*ACTIVITY*: Set down exactly, from the records below, the line with "Lucid Air Luxury" through the line with "Löst vermutlich eher", and nothing else.

*MATERIAL PROVIDED*:
Content starts
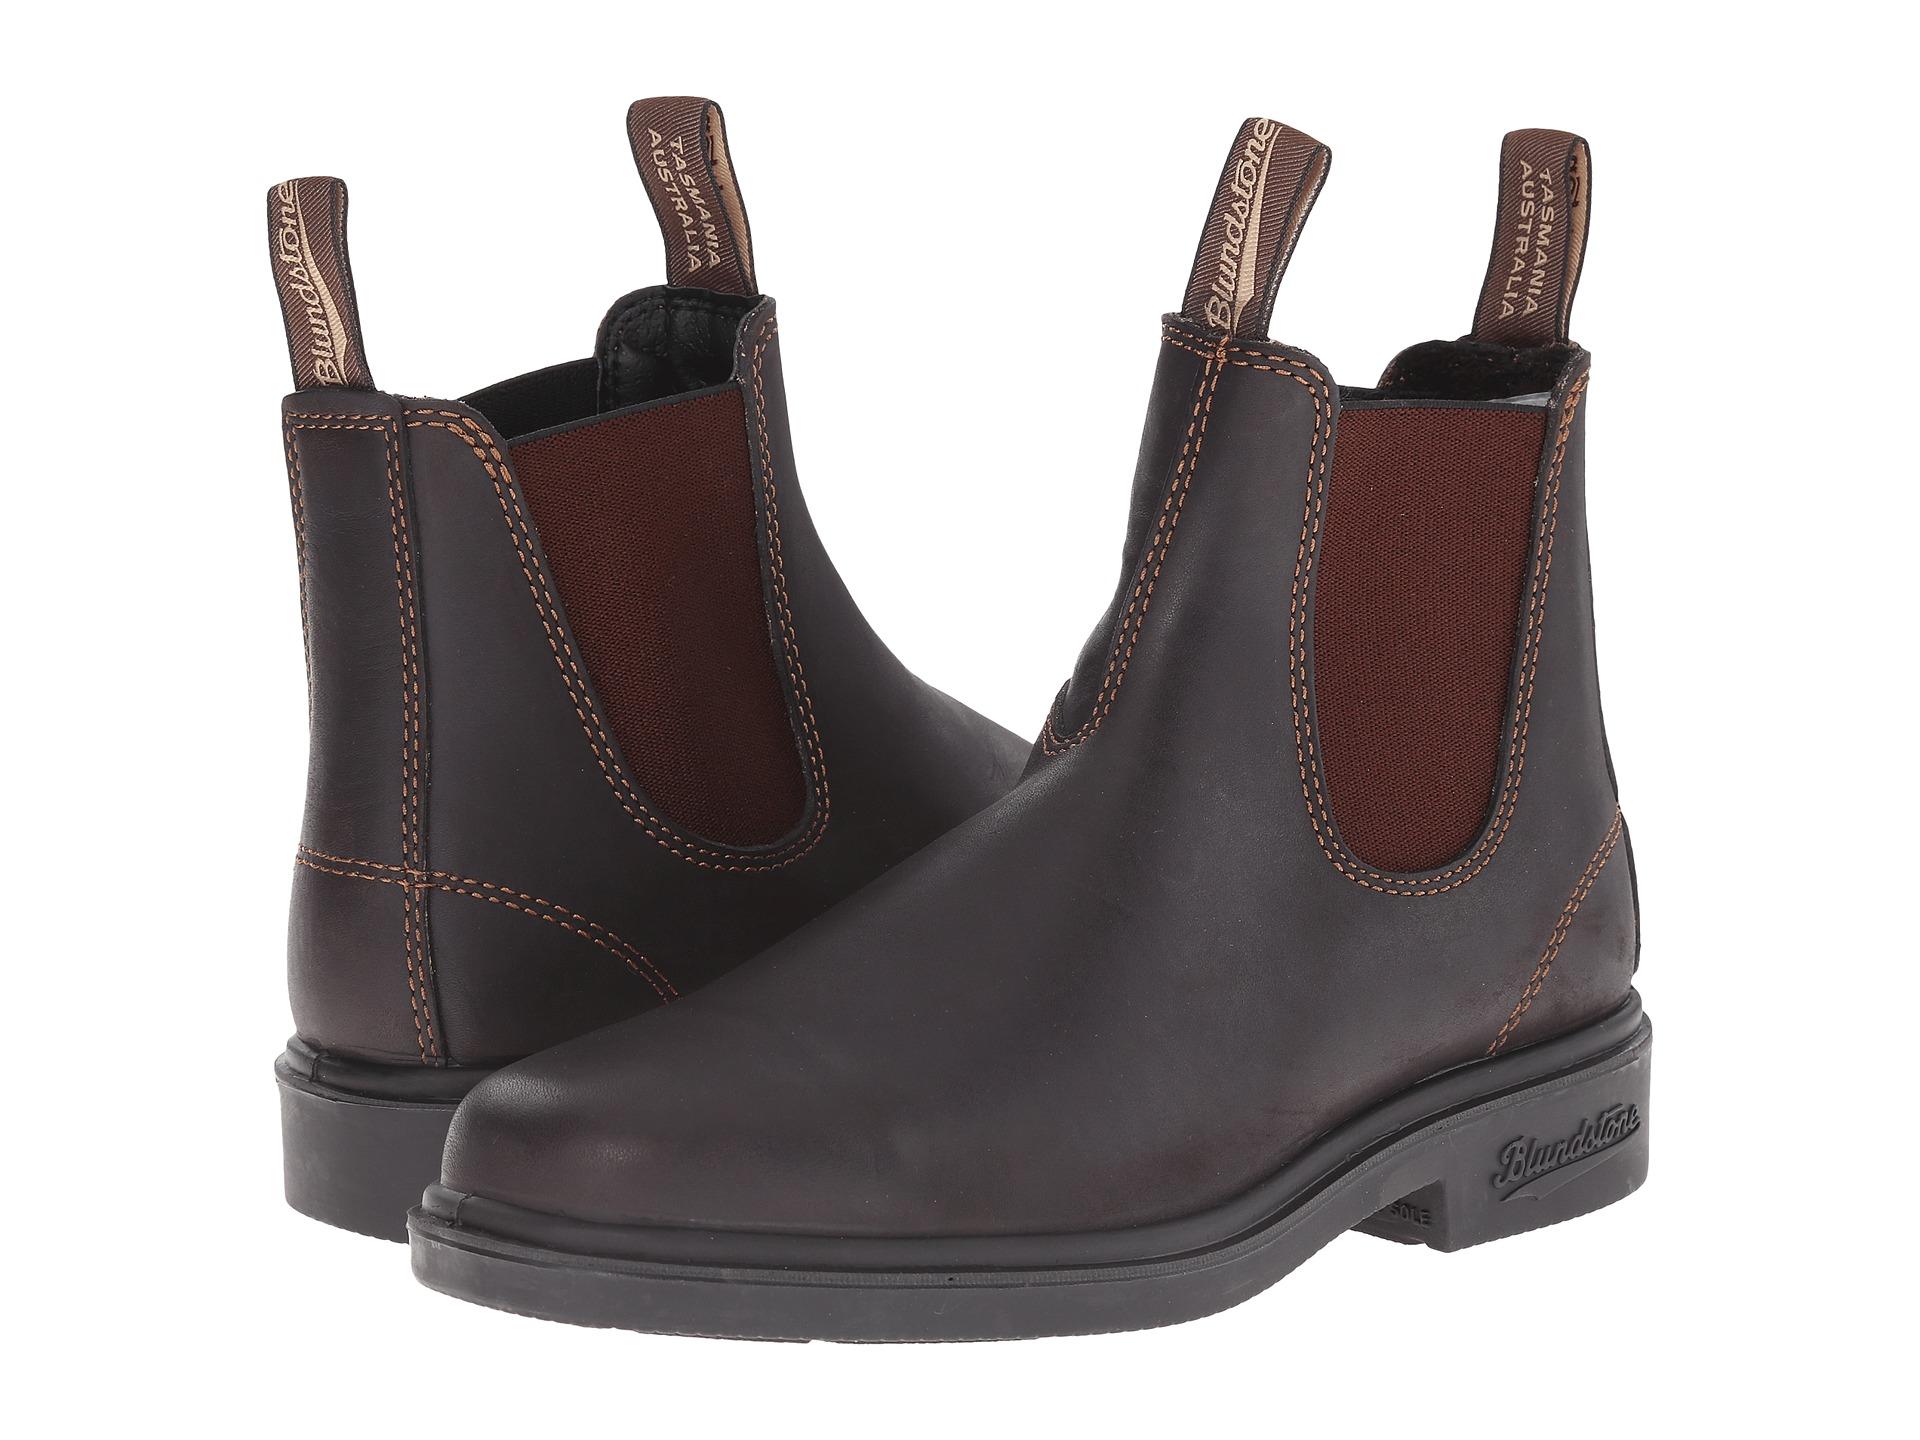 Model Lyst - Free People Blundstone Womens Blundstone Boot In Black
Content ends
Content starts
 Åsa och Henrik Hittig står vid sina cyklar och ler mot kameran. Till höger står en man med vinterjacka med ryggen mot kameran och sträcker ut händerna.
Content ends
Content starts
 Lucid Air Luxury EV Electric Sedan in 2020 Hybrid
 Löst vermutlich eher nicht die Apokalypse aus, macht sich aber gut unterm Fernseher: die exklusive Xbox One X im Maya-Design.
Content ends
*ANSWER BOX*:
 Lucid Air Luxury EV Electric Sedan in 2020 Hybrid
 Löst vermutlich eher nicht die Apokalypse aus, macht sich aber gut unterm Fernseher: die exklusive Xbox One X im Maya-Design.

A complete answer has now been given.